Whereas, Praecis is now requesting UCB, and UCB agrees, each subject to the terms and conditions of this Letter Agreement, to suspend the Process Improvements and the 2005 Manufacturing Campaign;

 

NOW, THEREFORE, in consideration of the foregoing and the agreements contained herein, and intending to be legally bound, the Parties have agreed as follows:

 



 

ARTICLE 1 – SUSPENSION OF ACTIVITIES

 

1.1           UCB shall immediately suspend the Process Improvements and shall issue to Praecis, within ninety (90) days of the date hereof, a comprehensive status report on such Process Improvements.  In consideration of such suspension, Praecis shall pay UCB, on the date hereof, one hundred and thirty thousand dollars (USD 130,000) for the work completed to date on such Process Improvements.

 

1.2           Praecis may elect to resume the Process Improvements (as described in the previously agreed upon scopes of work relating to such Process Improvements) at any time prior to December 31, 2007 by providing written notice to UCB of such election. Upon completion of such Process Improvements and release of the final development report, Praecis shall pay UCB an additional eighty four thousand dollars (USD 84,000), representing the remaining amount due for the Process Improvements.

 

1.3           UCB shall immediately suspend the 2005 Manufacturing Campaign at an intermediate stage where the future quality of the product is not jeopardized and shall store until December 31, 2007, at no charge to Praecis, the inventory of process intermediates in appropriate GMP conditions maintaining the quality and security of such process intermediates.

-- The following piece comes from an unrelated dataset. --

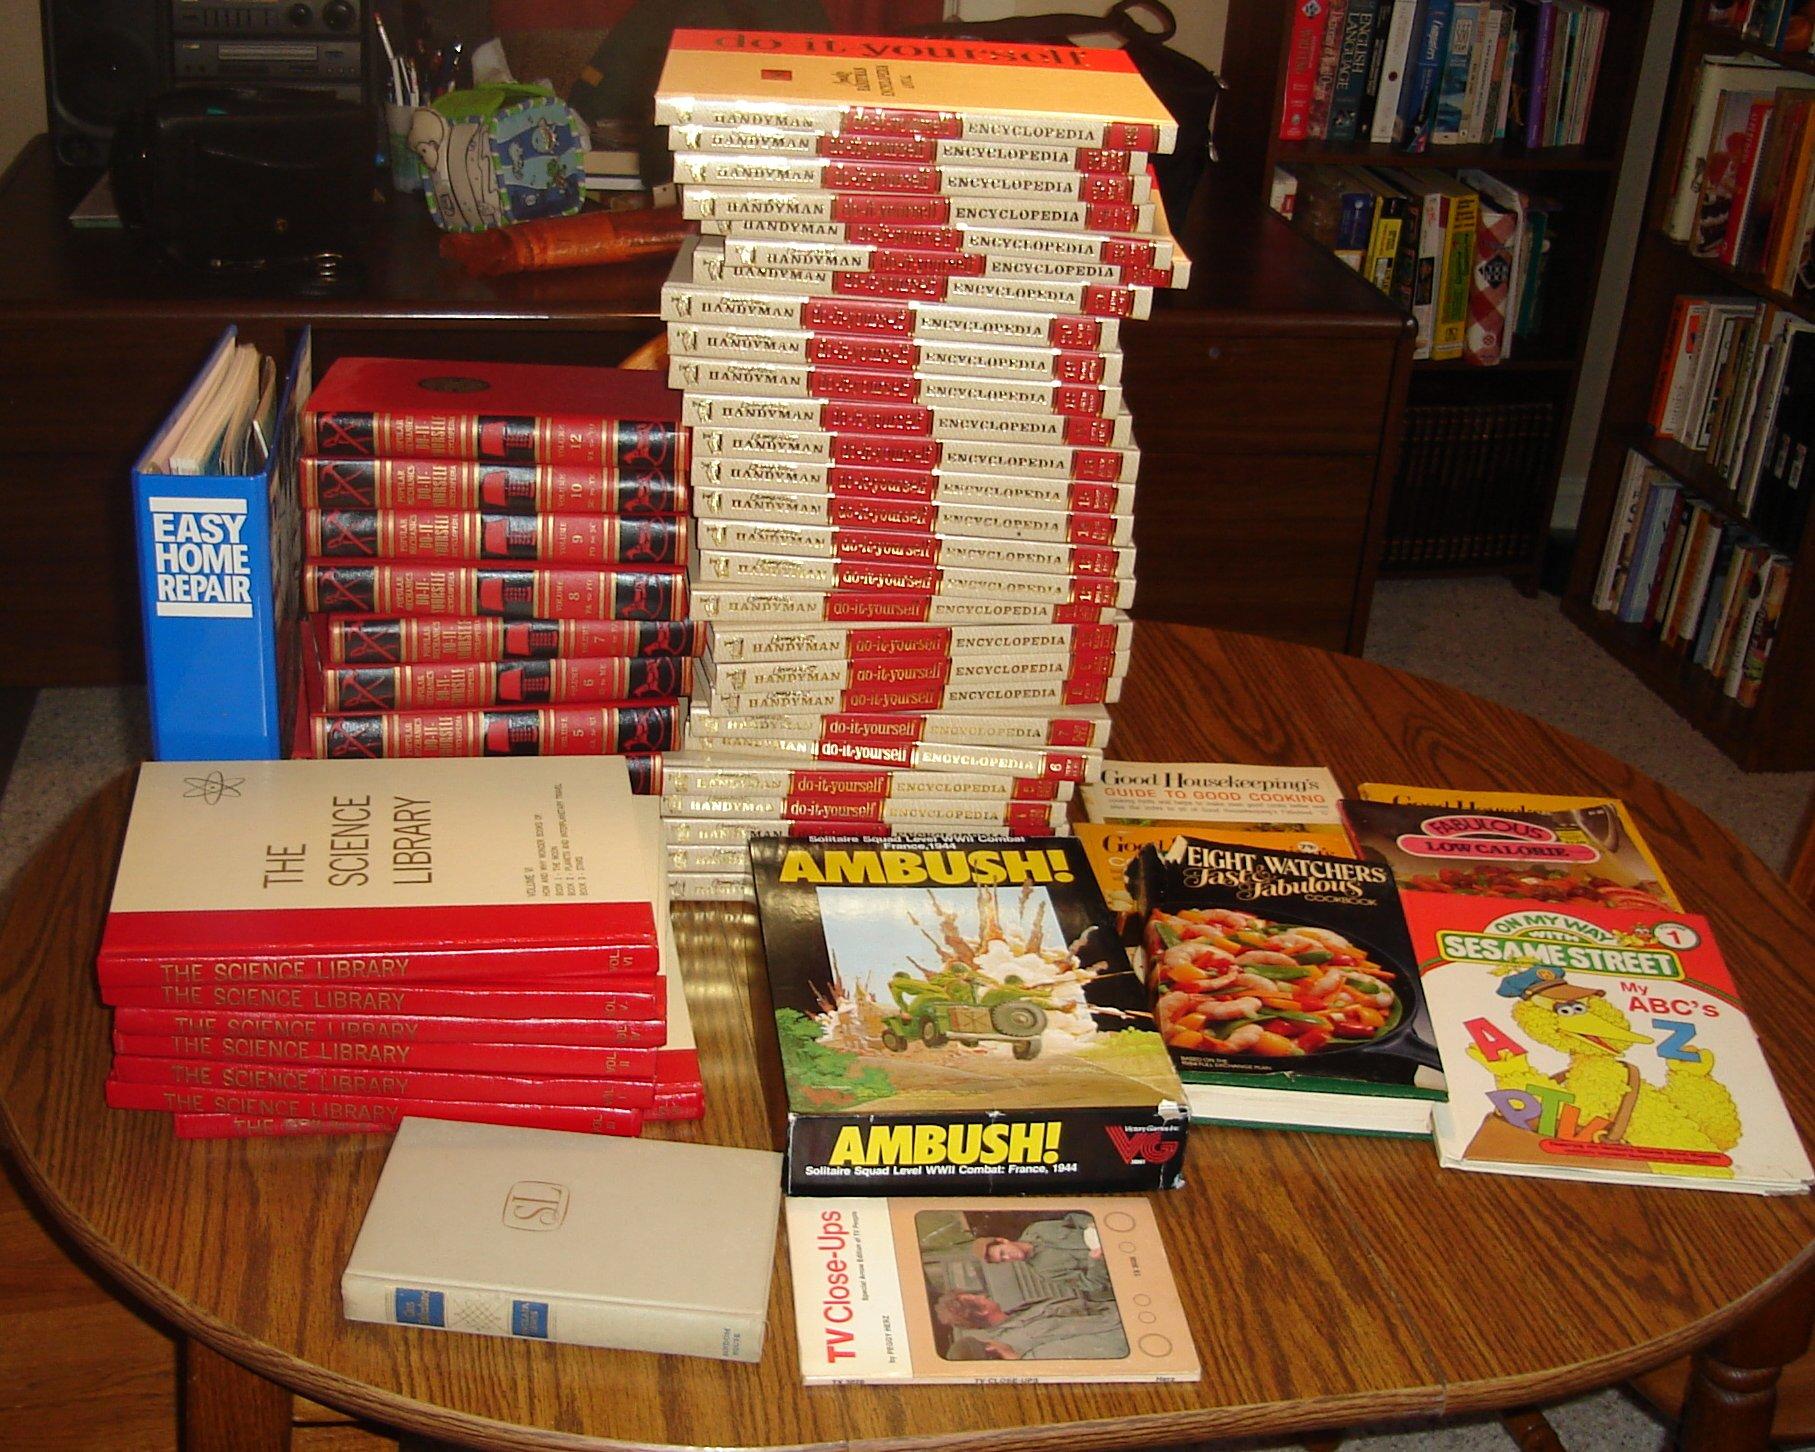 November garage sale book finds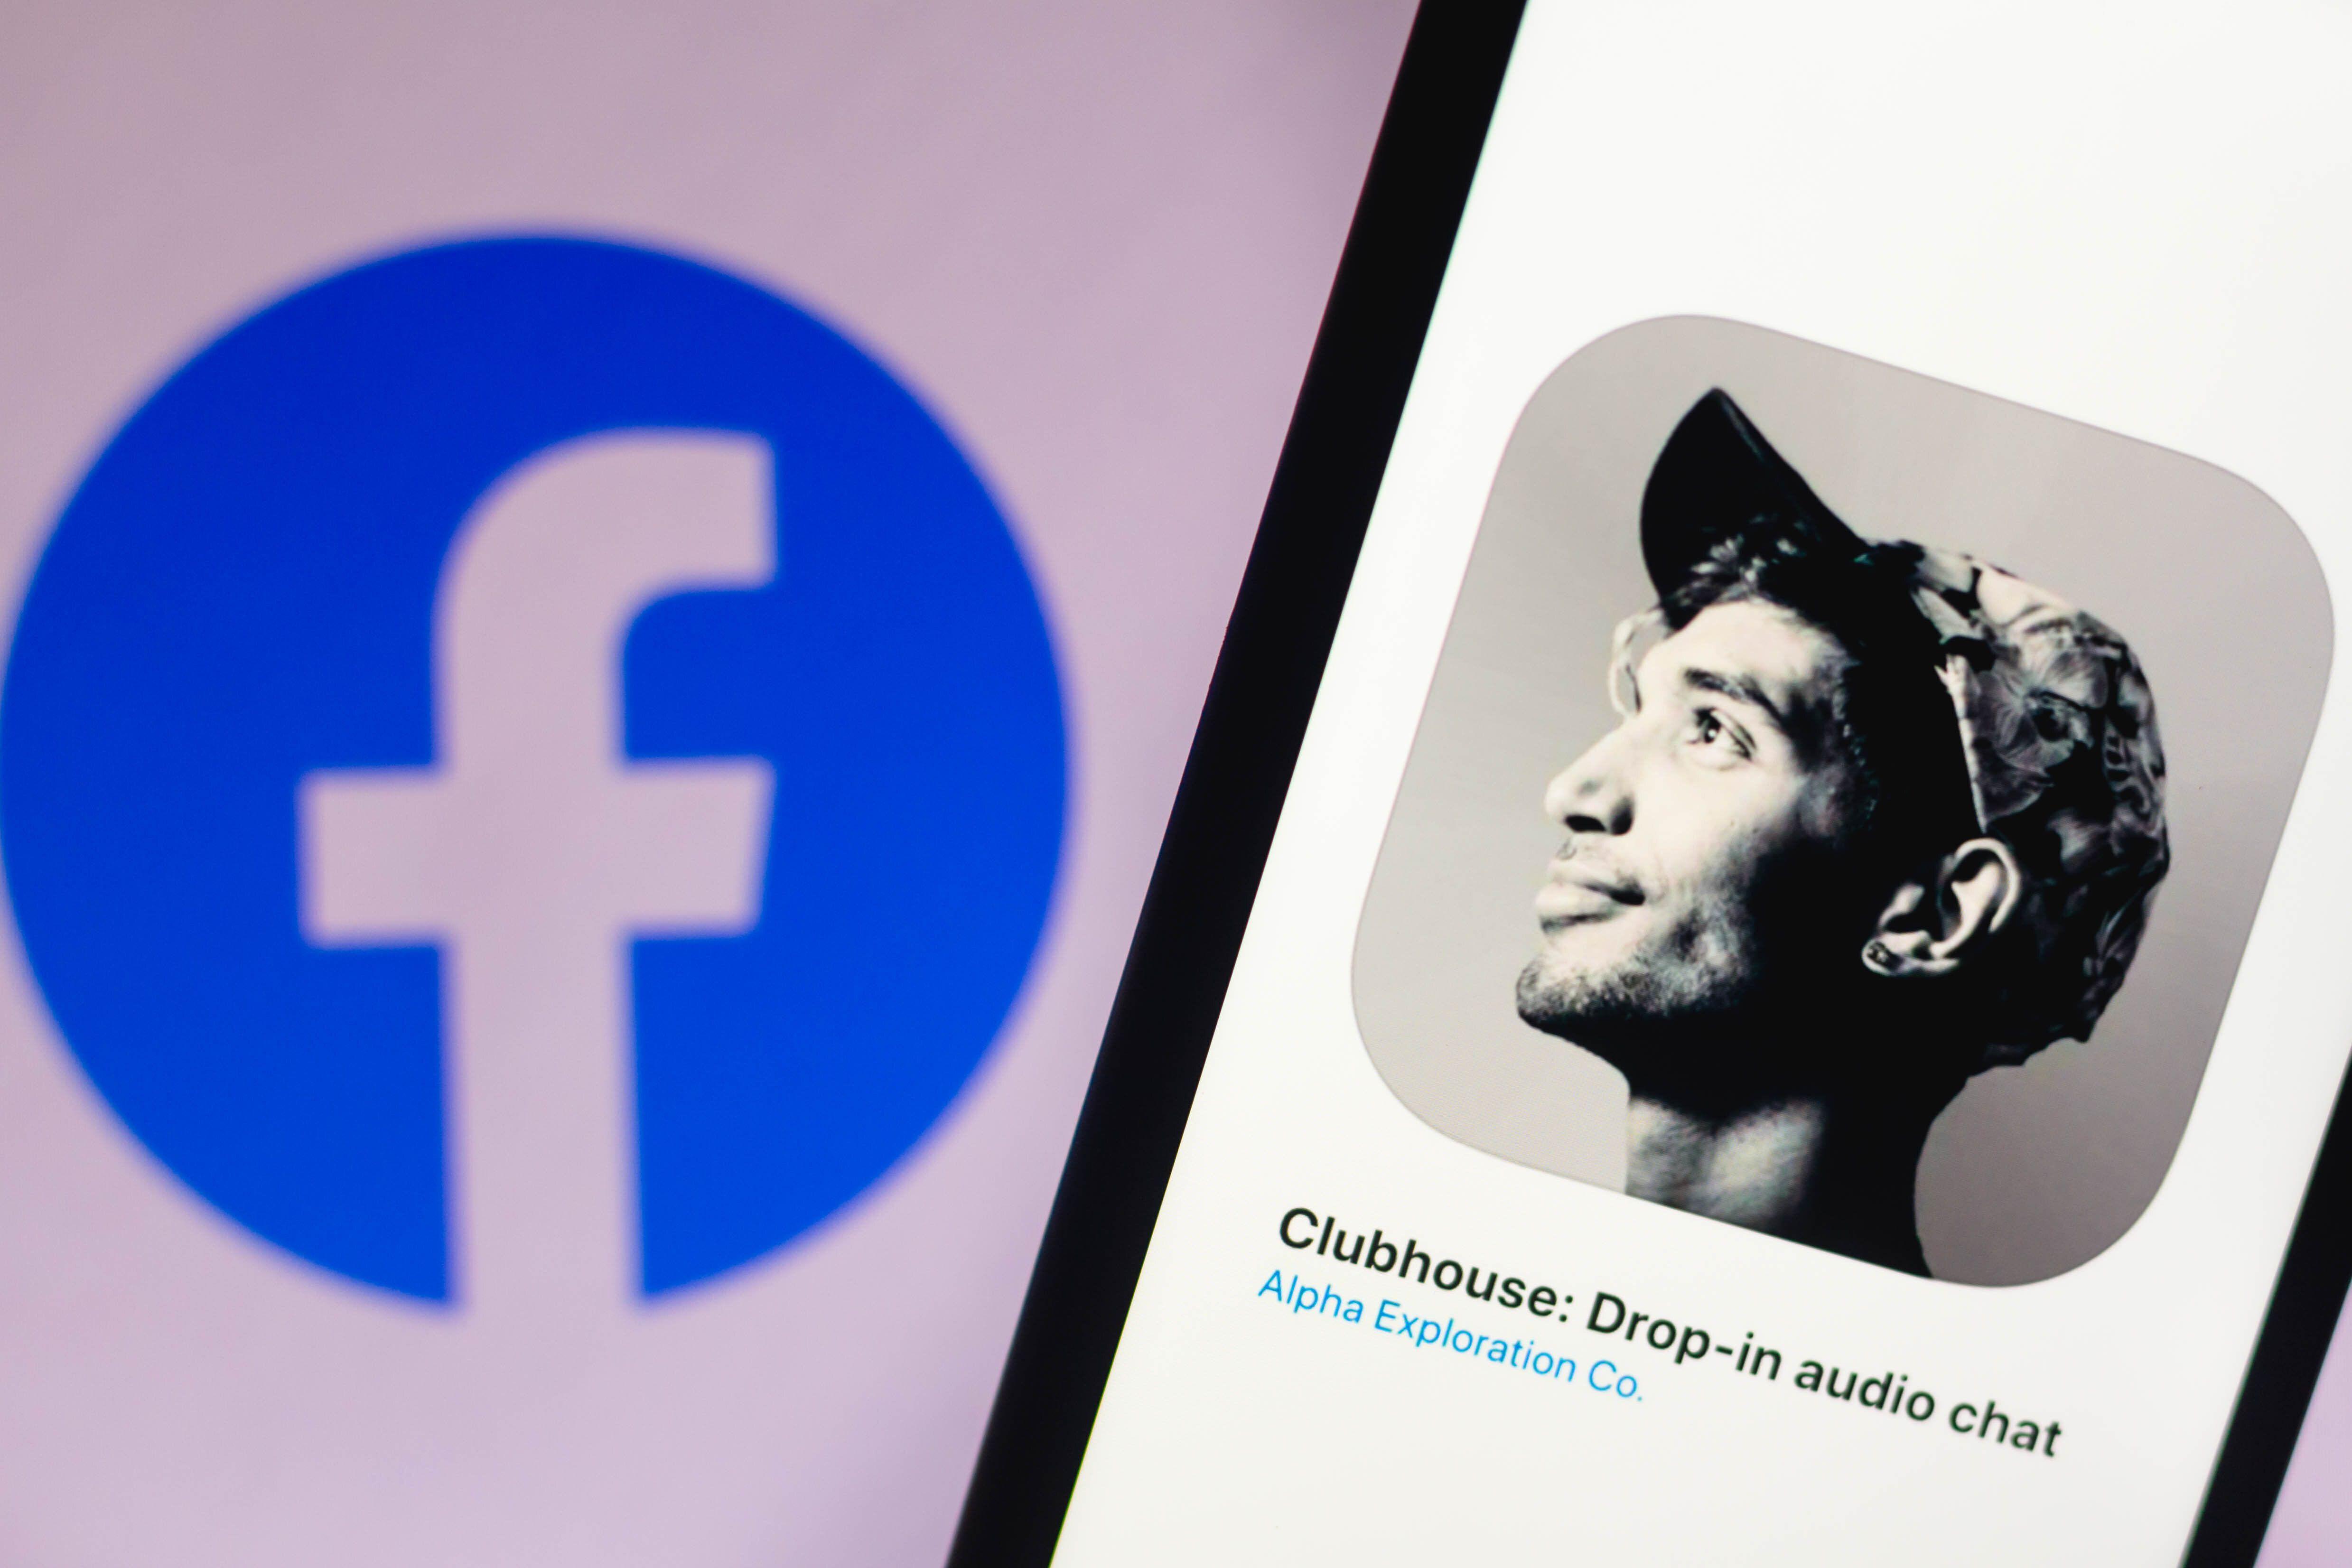 L'application Clubhouse devant le logo de l'entreprise

UCB shall issue to Praecis, within ninety (90) days of the date hereof, a comprehensive status report on the 2005 Manufacturing Campaign.  In consideration of such suspension, Praecis shall pay UCB, on the date hereof, one million five hundred thousand dollars (USD 1,500,000) for the work completed to date on the 2005 Manufacturing Campaign.  Upon such payment, title to the process intermediates shall pass to Praecis.

 

1.4           Praecis may elect to resume the 2005 Manufacturing Campaign at any time prior to December 31, 2007 by providing written notice to UCB of such election.  Upon completion of the 2005 Manufacturing Campaign and receipt by Praecis of the certificate of analysis and batch record in accordance with the terms of the Development and Supply Agreement, Praecis shall pay UCB an additional six hundred thousand dollars (USD 600,000), representing the remaining amount due for the 2005 Manufacturing Campaign.

 

1.5           For the avoidance of doubt, UCB is responsible to ensure that there is sufficient GMP process intermediate inventory necessary to complete the 2005 Manufacturing Campaign.  If there are any discrepancies, both Parties, in good faith, will reconcile the final quantity delivered to Praecis against the agreed upon purchase price.

 

1.6           Should Praecis elect to resume either the Process Improvements or the 2005 Manufacturing Campaign, or both programs, at any time prior to December 31, 2007, the Parties will define together the best possible timeline and format towards reinitiating either or both such programs.

 

1.7           If Praecis elects not to resume the Process Improvements and/or the 2005 Manufacturing Campaign by December 31, 2007, UCB’s shall be relieved of all further obligations with respect to such suspended program(s).  Praecis shall, in its discretion and at its own costs, take possession of or dispose of or have UCB

 



 

dispose of all process intermediates stored by UCB in connection with the suspension of the 2005 Manufacturing Campaign.

 

1.8           Except as specifically set forth herein, all terms and conditions of the Development and Supply Agreement shall remain in full force and effect.

 

ARTICLE 2 - - MISCELLANEOUS

 

2.1           Capitalized terms used in this Agreement and not otherwise defined shall have the meanings ascribed to such terms in the Development and Supply Agreement.

 

2.2           This Agreement shall be binding on and inure to the benefit of the Parties, their subsidiaries, affiliates, officers, directors, related companies, representatives, successors and assigns.

 

2.3           This Agreement shall effect the modifications to the Development and Supply Agreement provided for herein. All other provisions of the Development and Supply Agreement not modified hereby shall remain in full force and effect.

 

2.4           No amendment or variation of this Agreement shall be valid and effective unless in writing and signed by or on behalf of both Parties.

 

2.5           Each Party shall promptly, without further consideration, execute, and take such other actions, as the other Party may reasonably request, to carry out the transactions contemplated by this Agreement.

 

2.6           This Agreement contains the entire agreement and understanding of the Parties with respect to its subject matter, and supersedes any and all other written or oral contract, understanding, negotiation or arrangement between the Parties relating to said subject matter.

 

2.7           This Agreement is governed by the laws of the state of New York, U.S.A., without giving effect to that state’s choice of law doctrine. Both Parties consent to the exclusive jurisdiction of the Courts of New York, both state and federal.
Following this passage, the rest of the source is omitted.